21 Powerful Photos That (Literally) Changed The World.
With the help of curators, historians, photo editors and other experts, TIME magazine produced a list of the 100 most influential photographs in history. Now, photographs belong to recent history—sources say that the first photograph was taken in 1826—but we imagine that it was still a daunting task to sort through thousands of images as each one carries its share of layered stories.
The only criterion was that the photo must depict "turning points in our human experience." The result? A varied collection. "Some images are on our list because they were the first of their kind, others because they shaped the way we think," the project page reads. "And some made the cut because they directly changed the way we live."

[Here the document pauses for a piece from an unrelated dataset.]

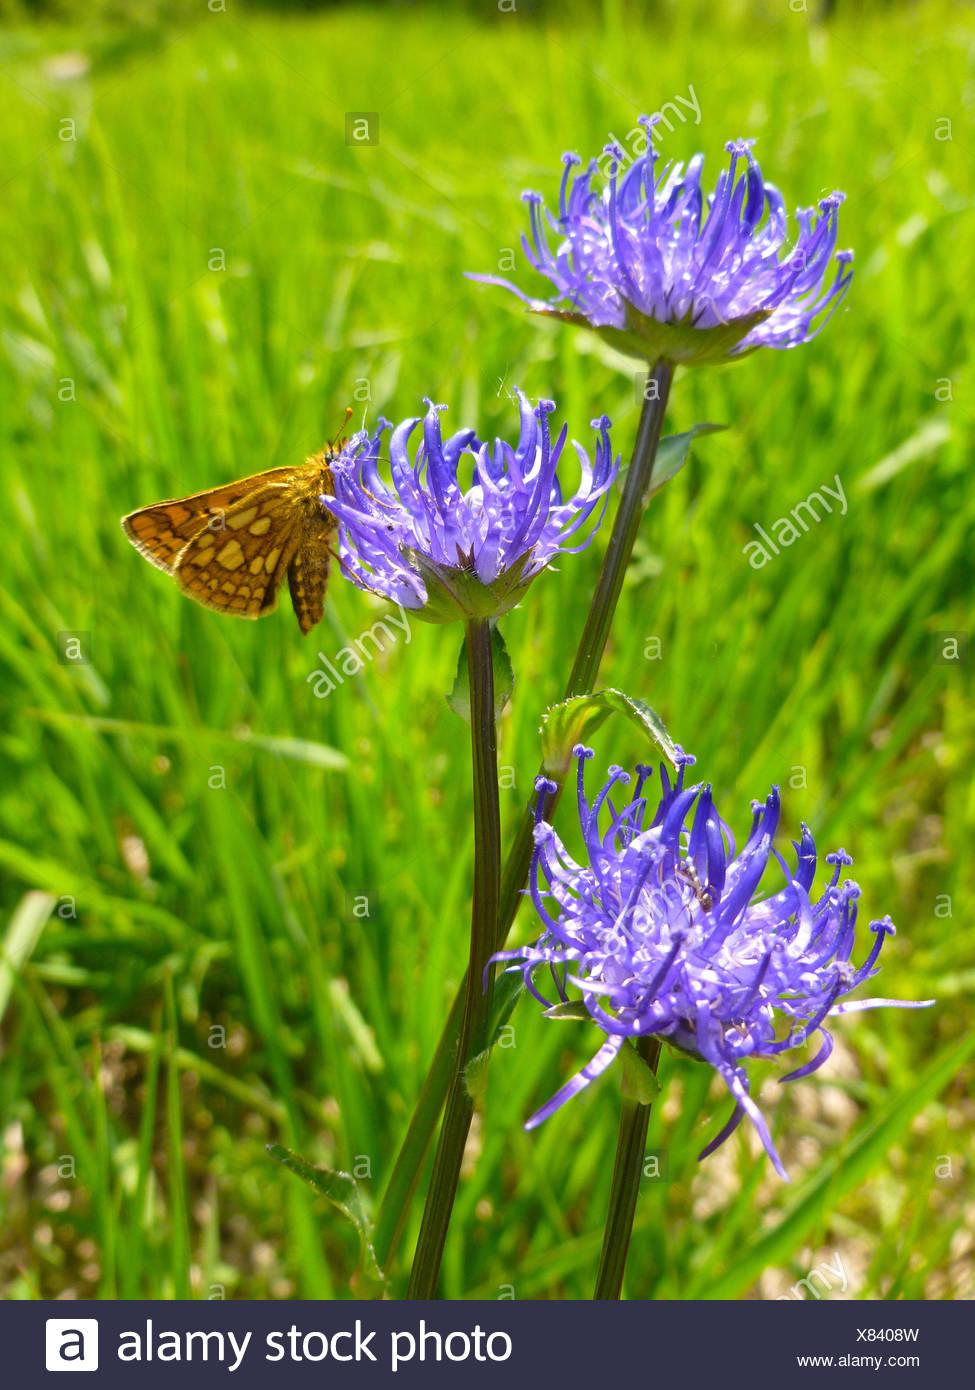 Germany, Upper Bavaria, Pupplinger meadow near Wolfratshausen - Stock Image

The greatest significance of photography—and this answer may differ from person to person—is not the capturing of a moment, even though that is extraordinary enough, but as photojournalist James Nachtwey stated, their ability to "create an atmosphere where change is possible."
Here are 21 photographs from the list, each accompanied by a short description.
The Burning Monk, Malcolm Browne, 1963
The self-immolation of Vietnamese Mahayana Buddhist monk Thích Quang Duc in Saigon spurred, and continues to spur, waves of emotion in people from all over the world. It was coordinated in response to the Diem regime's discriminatory Buddhist laws, including the banning of the Buddhist flag.
The Terror of War, Nick Ut, 1972
Nick Ut's Pulitzer Prize-winning photo shows a heartbreaking scene of children fleeing a Napalm bombing in Trang Bang as a result of the Vietnam War. Phan Thị Kim Phúc, the 9-year-old girl pictured fully nude, was later known as the "Napalm girl." Despite being severely burned on her back, she survived the attack and has since undergone several surgical procedures.
Starving Child and Vulture, Kevin Carter, 1993
Also called "Struggling Girl" and "The Vulture and the Little Girl," this photo is one of the most controversial photos ever taken. While the little girl was on her way to a United Nations feeding center in Sudan, the vulture eyed her for its next meal.
When readers saw the photo in the New York Times, they wrote in asking about the girl's fate. They criticized the photographer, Kevin Carter, for exploiting her for the photo instead of helping her. It was later revealed that he waited about 20 minutes to get the perfect shot before finally chasing the bird away.
Carter took his own life at the age of 33. The photo went on to win the Pulitzer Prize for Feature Photography.
Lunch Atop a Skyscraper, 1932
This iconic 20th-century photograph of 11 ironworkers enjoying lunch on a steel beam some 850 feet in the air is one of the biggest mysteries. No one has confirmed the photographer, and only a few of the men have been identified. We do know, however, that the photo was taken at the RCA building, or modern-day GE building, in Manhattan's Rockefeller Center.
Tank Man, Jeff Widener, 1989
The unidentified man in the photo is known only as "tank man." He was in the middle of shopping—take a look at the bags in his hands—but decided to try and stop these tanks from moving forward in Tiananmen Square. The drivers tried to make their way around him but he continued to block them. No fires were made, and the man was eventually removed from the scene.
The incident followed a crackdown which resulted in the deaths of hundreds of protestors. Photographer Jeff Widener notes that this photo shows that "[Tank man has] just had enough" ... "his statement is more important than his own life.